Ezepain 90 & 120

Ezepain 90 mg tablet: Each film coated tablet contains Etoricoxib INN 90 mg.
Ezepain 120 mg tablet: Each film coated tablet contains Etoricoxib INN 120 mg.

Ezepain is the preparation of Etoricoxib. It is a nonsteroidal anti-inflammatory drug (NSAID) that exhibits anti-inflammatory, analgesic, and antipyretic activities in animal models. It is a potent, orally active, highly selective cyclooxygenase-2 (COX-2) inhibitor within and above the clinical dose range. COX-2 has been shown to be primarily responsible for the synthesis of prostanoid mediators of pain, inflammation, and fever. Selective inhibition of COX-2 by Etoricoxib decreases these clinical signs and symptoms with decreased GI toxicity and without effects on platelet function.

• Pain and inflammation in osteoarthritis, rheumatoid arthritis and other chronic musculoskeletal disorders
• Acute gout
• Pain of dysmenorrhoea and
• Pain following dental surgery.

Dosage & administration
Adult and adolescent over 16 years: Osteoarthritis, chronic musculoskeletal disorders & dysmenorrhoea: 60 mg, once daily. Rheumatoid arthritis: 90 mg, once daily. Pain following dental surgery & acute gout: 120 mg, once daily. Safety and effectiveness of Etoricoxib in paediatric patients have not been established.

Etoricoxib is contraindicated to patients with known hypersensitivity to any component of this product, patient with inflammatory bowel disease, severe congestive heart failure.

Warning & precaution
In patients with advanced renal disease, treatment with it is not recommended. Clinical experience in patients with estimated creatinine clearance of <30 ml/min is very limited. If therapy with it must be initiated in such patients, close monitoring of the patient's renal function is advisable. Caution should be used when initiating treatment with it in patients with considerable dehydration. It is advisable to rehydrate patients prior to starting therapy with it. The possibility of fluid retention, oedema or hypertension should be taken into consideration when it is used in patients with pre-existing oedema, hypertension, or heart failure. Independent of treatment, patients with a prior history of GI perforation, ulcers and bleeding (PUB) and patients greater than 65 years of age are known to be at a higher risk for a PUB.

A patient with symptoms and/or signs suggesting liver dysfunction, or in whom an abnormal liver function test has occurred, should be evaluated for persistently abnormal liver function tests. If persistently abnormal liver function tests (three times the upper limit of normal) are detected, it should be discontinued. It should be used with caution in patients who have previously experienced acute asthmatic attacks, urticaria, or rhinitis, which were precipitated by salicylates or non-selective cyclooxygenase inhibitors. It may mask fever, which is a sign of infection. The physician should be aware of this when using it in patients being treated for infection.

Side effects
Side-effects may include dry mouth, taste disturbance, mouth ulcers, flatulence, constipation, appetite and weight changes, chest pain, fatigue, influenza-like syndrome, myalgia etc may occur.
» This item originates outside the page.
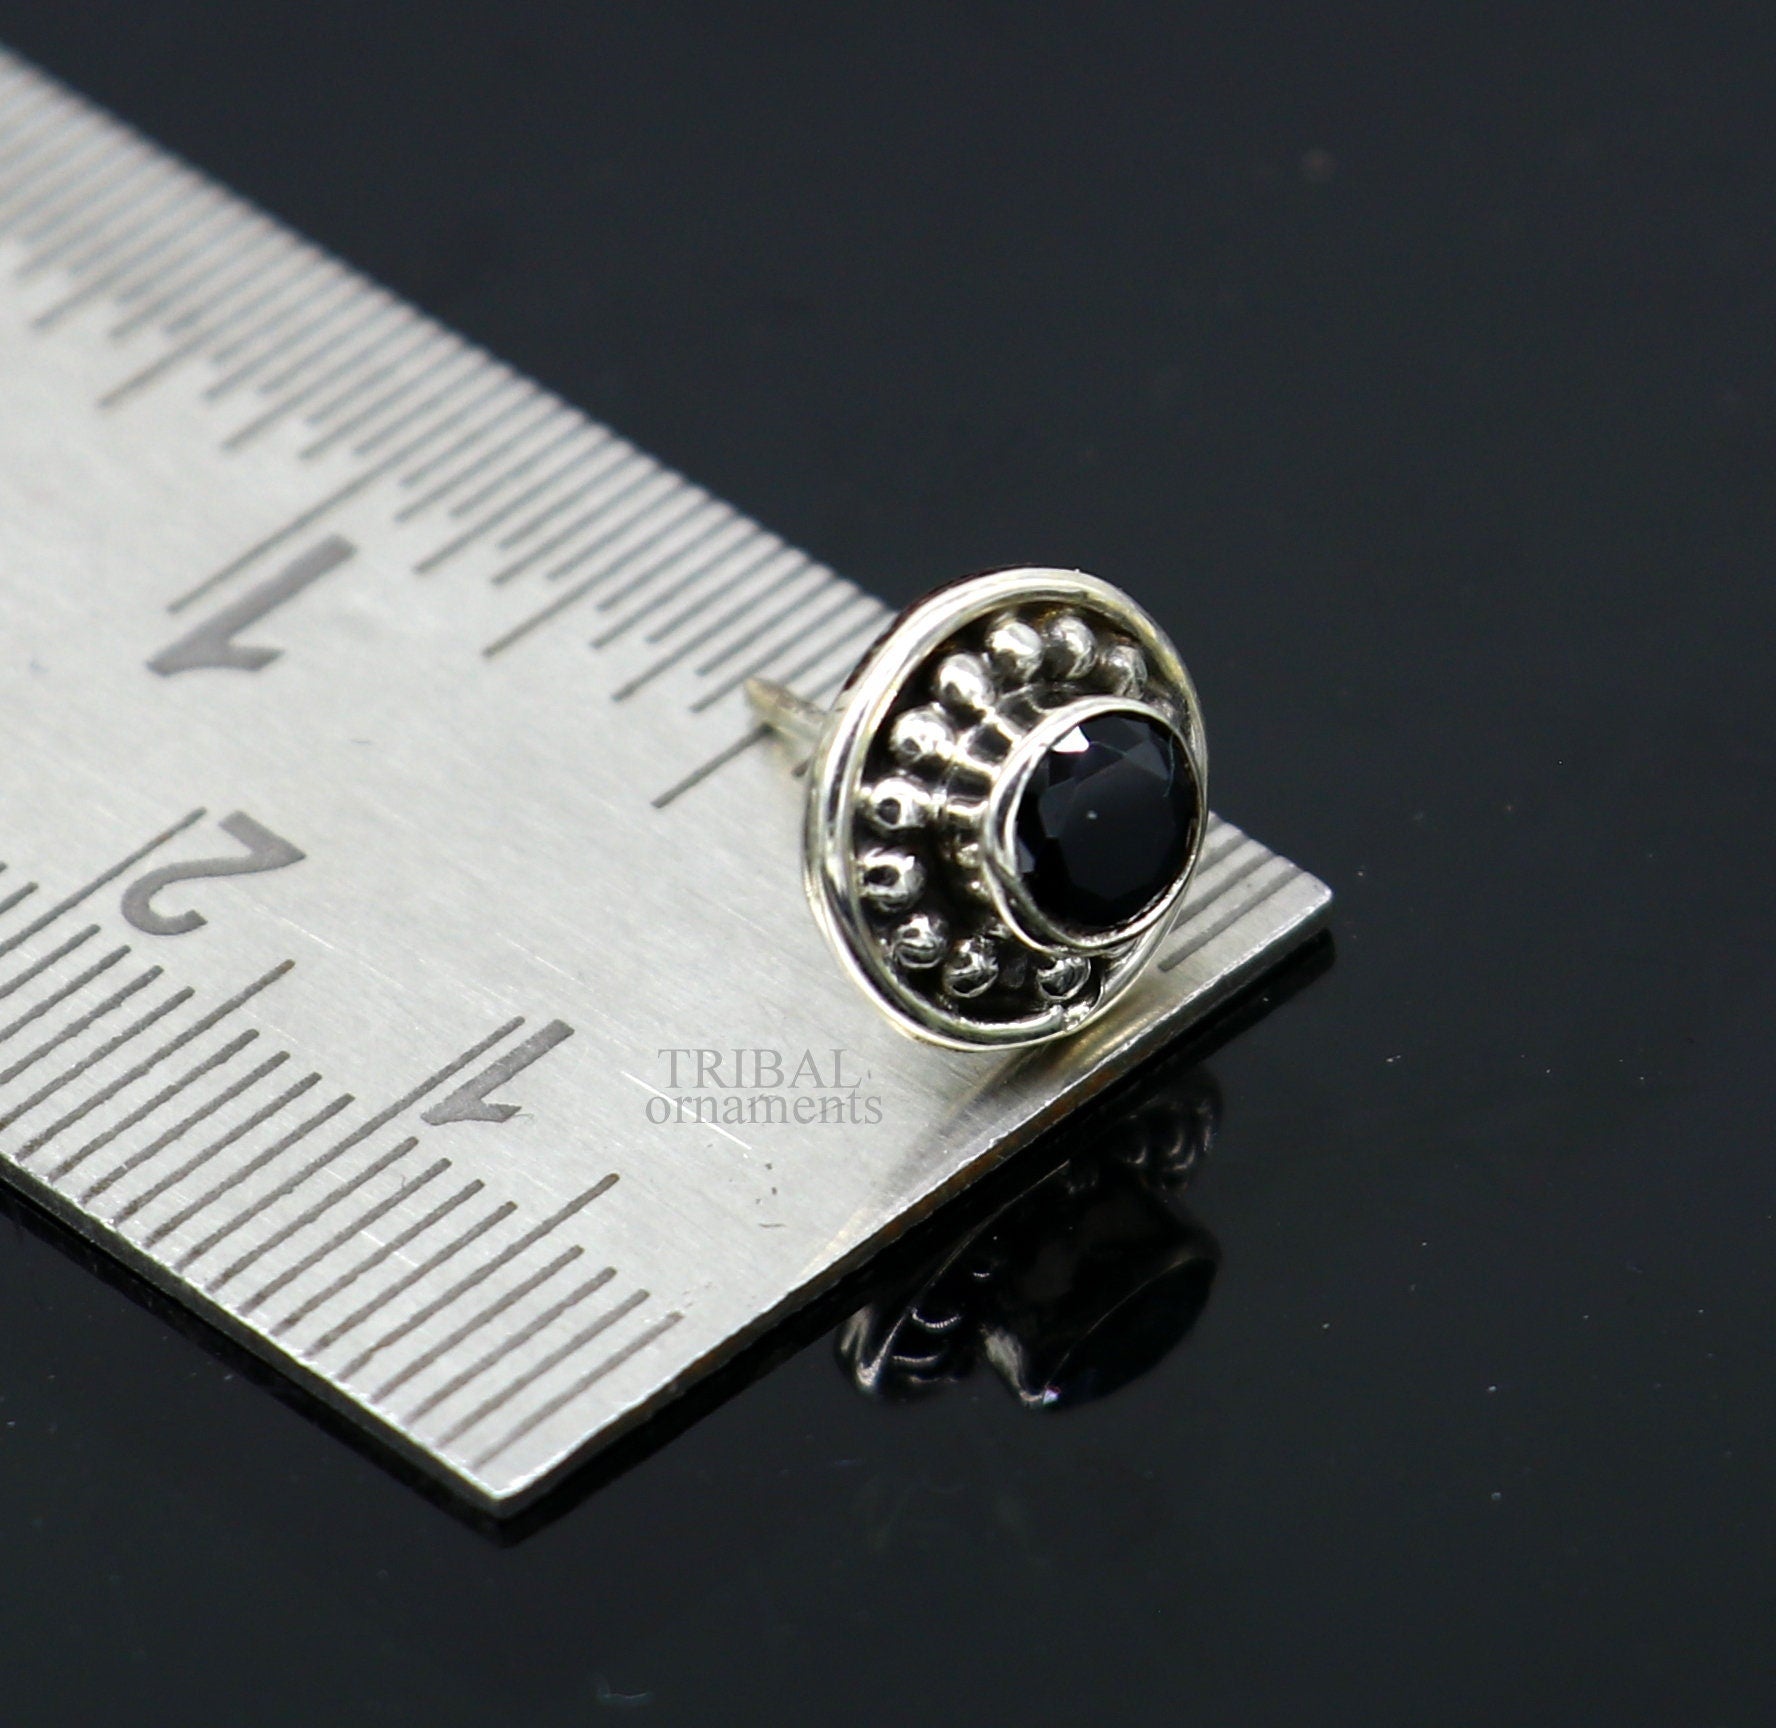 Single Black stone Flower design handmade 925 sterling silver stud earring, best daily use vintage style jewelry from India ear1207 - TRIBAL ORNAMENTS

Use in pregnancy & lactation
As with other drugs known to inhibit prostaglandin synthesis, use of it should be avoided in late pregnancy because it may cause premature closure of the ductus arteriosus. It should be used during the first two trimesters of pregnancy only if the potential benefit justifies the potential risk to the foetus. It is not known whether this drug is excreted in human milk.

Use in children & adolescents
Etoricoxib is contra-indicated in children and adolescents under 16 years of age.

Drug interaction
Oral anticoagulants, diuretics and ACE inhibitors, Acetylsalicylic acid, Cyclosporin and Tacrolimus, Lithium, Methotrexate, oral contraceptives, Prednisone/Prednisolone, Digoxin, drugs metabolized by sulfotransferases (Ethinyl Estradiol), drugs metabolized by CYP isoenzymes, Ketoconazole, Rifampicin, and Antacids have interaction with Etoricoxib.

In clinical studies, administration of single doses of etoricoxib up to 500 mg and multiple doses up to 150 mg/day for 21 days did not result in significant toxicity. There have been reports of acute overdosage with etoricoxib, although adverse experiences were not reported in the majority of cases. The most frequently observed adverse experiences were consistent with the safety profile for etoricoxib (e.g. gastrointestinal events, cardiorenal events).

In the event of overdose, it is reasonable to employ the usual supportive measures, e.g., remove unabsorbed material from the GI tract, employ clinical monitoring, and institute supportive therapy, if required.

Keep out of the reach of children. Keep below 30°C, protect from light.

Ezepain 90 mg tablet: Each box contains 3x10's tablet in blister pack.
Ezepain 120 mg tablet: Each box contains 2x10's tablet in blister pack.